Die wirtschaftliche Situation im Kulturbereich ist weiterhin fragil. Behördlich verfügte höhere Hürden beim Zutritt zur Kultur führen direkt zu weiteren Einnahmeneinbussen und müssen somit direkt mit Ausfallentschädigungen verbunden werden. Kulturinstitutionen und -veranstalter können das finanzielle Risiko zum jetzigen Zeitpunkt, da jegliche Reserven fehlen, nicht selbst tragen. Vor diesem Hintergrund ist es nicht verständlich, dass der Bundesrat zum jetzigen Zeitpunkt zwar die Anforderungen erhöht, sich aber nicht über eine mögliche Verlängerung der wirtschaftlichen Unterstützungsmassnahmen (Erwerbsersatz, Ausfallentschädigungen und Nothilfe) äussert. Die flankierenden Entschädigungsmassnahmen im Kulturbereich sind vor den aktuellen Entwicklungen unbedingt über Ende 2021 weiterzuführen. Alles andere führt zu einem Ausbluten der Kultur auf Zeit.
Tests ermöglichen die Früherkennung symptomloser Erkrankten.
Im Rahmen von sogenannten Vorort-Tests konnten in den letzten Wochen zahlreiche symptomlose Covid-19 Erkrankte erkannt und nach Hause geschickt werden. Ohne Test zur Teilnahme an einer Veranstaltung hätten sie sich weiterhin frei bewegt und allenfalls unwissentlich weitere Menschen angesteckt. Wenn nicht mehr flächendeckend getestet wird, werden als Nebeneffekt asymptomatische Krankheitsträger nicht mehr erfasst. Das ist nicht im Sinne der Pandemiebekämpfung. Jugendliche werden auf illegale Partys ausweichen. Hier fehlt die pandemische Kontrolle komplett. Es wäre wünschenswert, wenn Covid-19-Tests für asymptomatische Personen für den Veranstaltungszugang so lange kostenlos bleiben, bis die Zertifikatspflicht aufgehoben wird.
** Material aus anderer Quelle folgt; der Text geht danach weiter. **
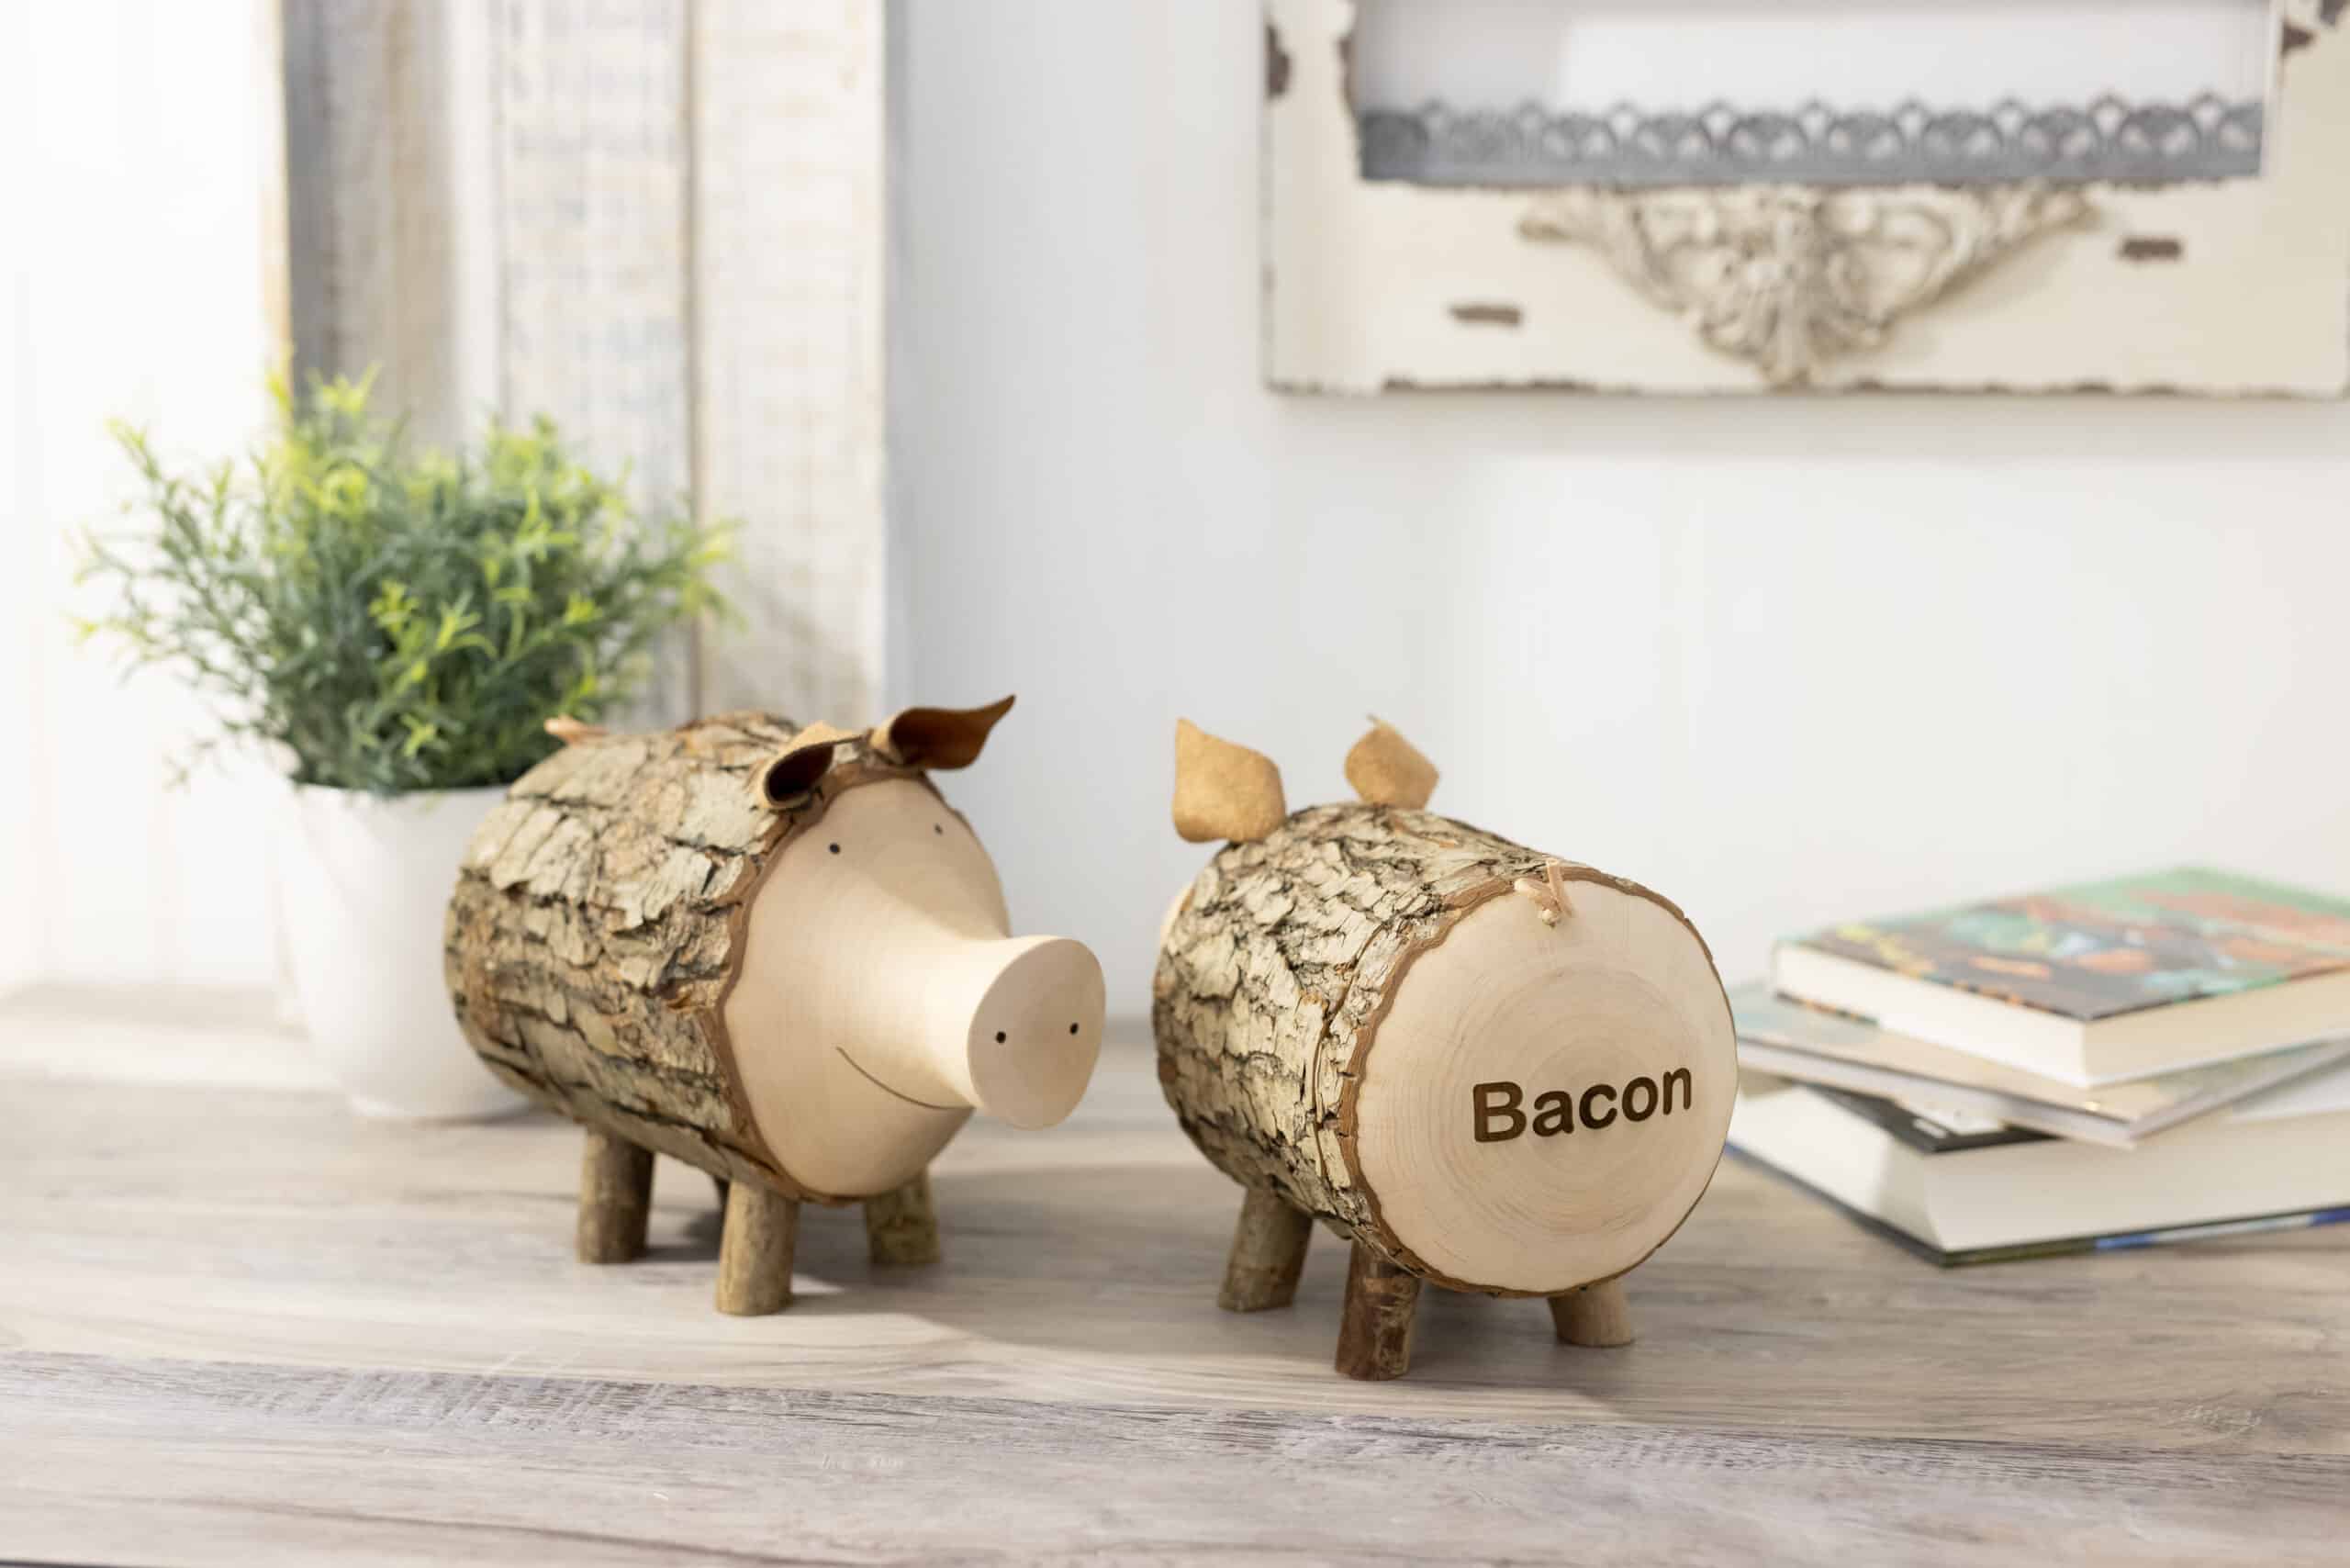 Two decorative wooden pig figurines on a table, labeled "bacon," with a plant and books in the background.
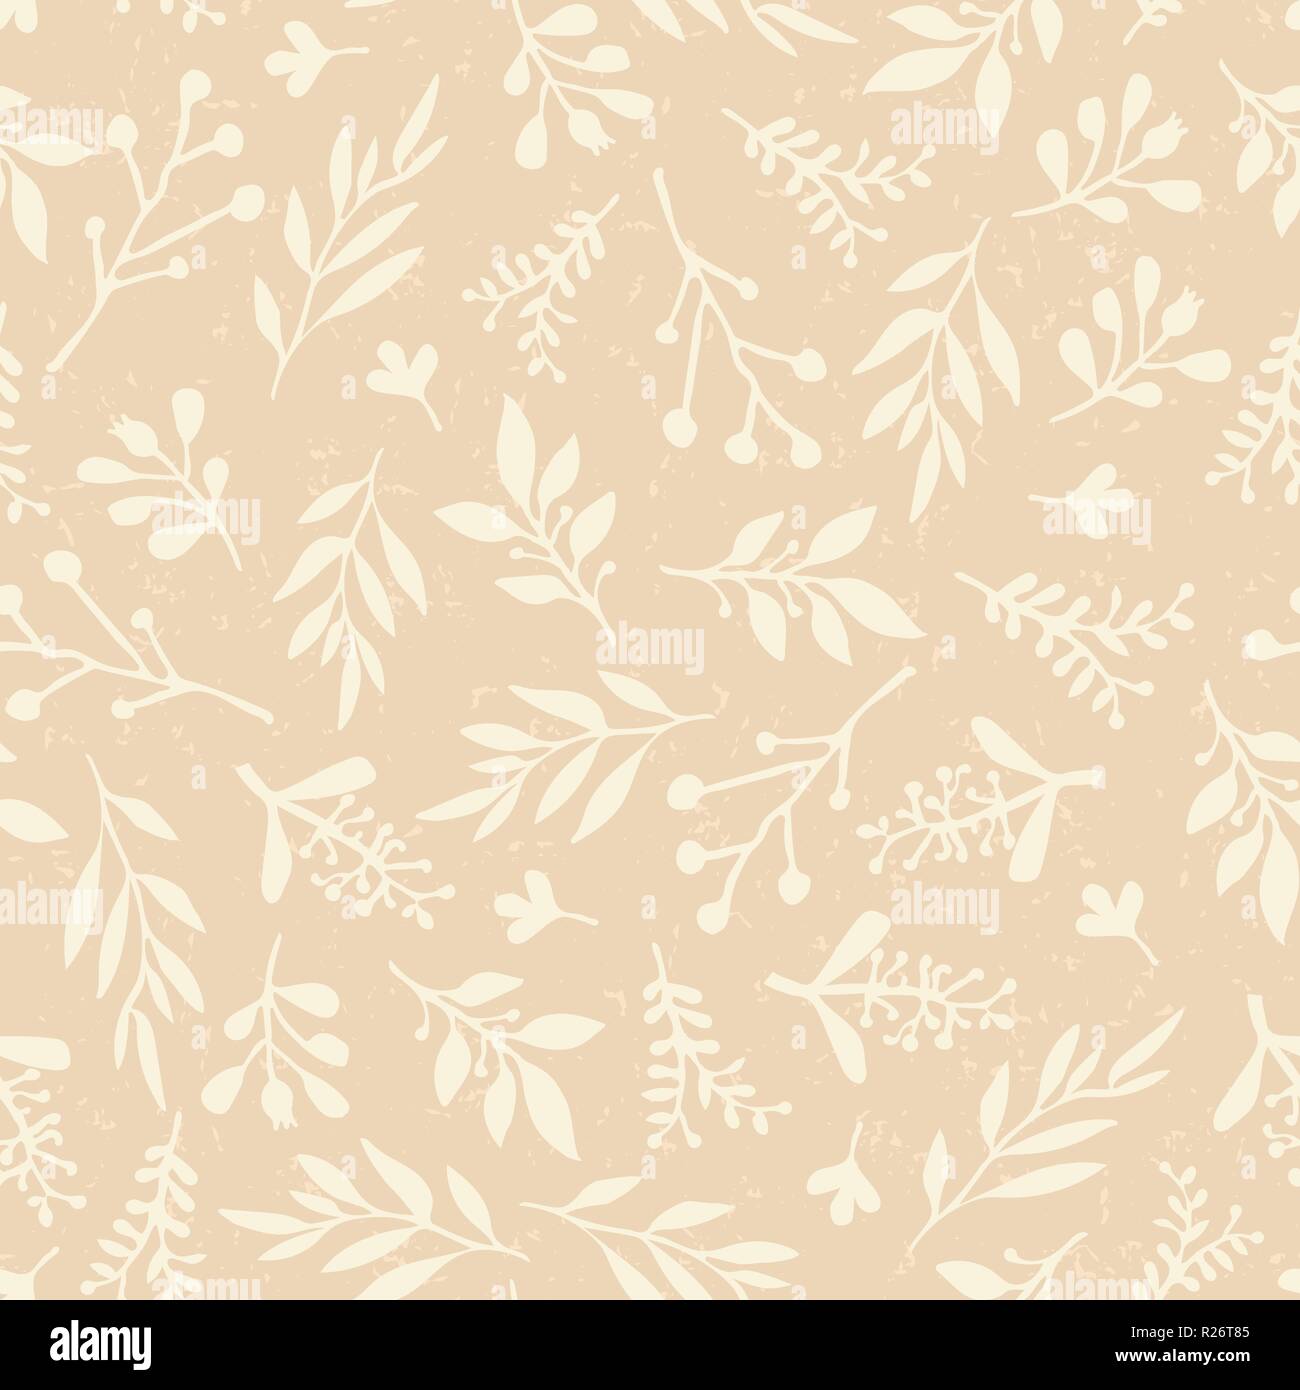 Seamless vector background with abstract leaves beige. Simple leaf texture in pastell, endless foliage pattern. Distressed vintage retro style.Paper, pattern fills, web banner, fabric, cards, wedding Stock Vector

Akzeptanz des Zertifikats nicht gefährden.
Die Akzeptanz für das Zertifikat stieg mit der Anzahl an Testmöglichkeiten. Es ist davon auszugehen, dass die Zustimmung zum Zertifikat wieder abnehmen wird, wenn Tests kostenpflichtig werden. Eine solche Massnahme ist somit wenig förderlich in Bezug auf die Abstimmung zum Covid-Zertifikat. Wird diese verloren, hat der Bund kein anderes Instrument mehr in der Hand, als die Schliessung in bestimmten Bereichen der Kulturveranstaltungen zu verordnen. Dies wäre nicht nur finanziell verheerend, sondern würde einen weiteren Verlust an kultureller Vielfalt nach sich ziehen.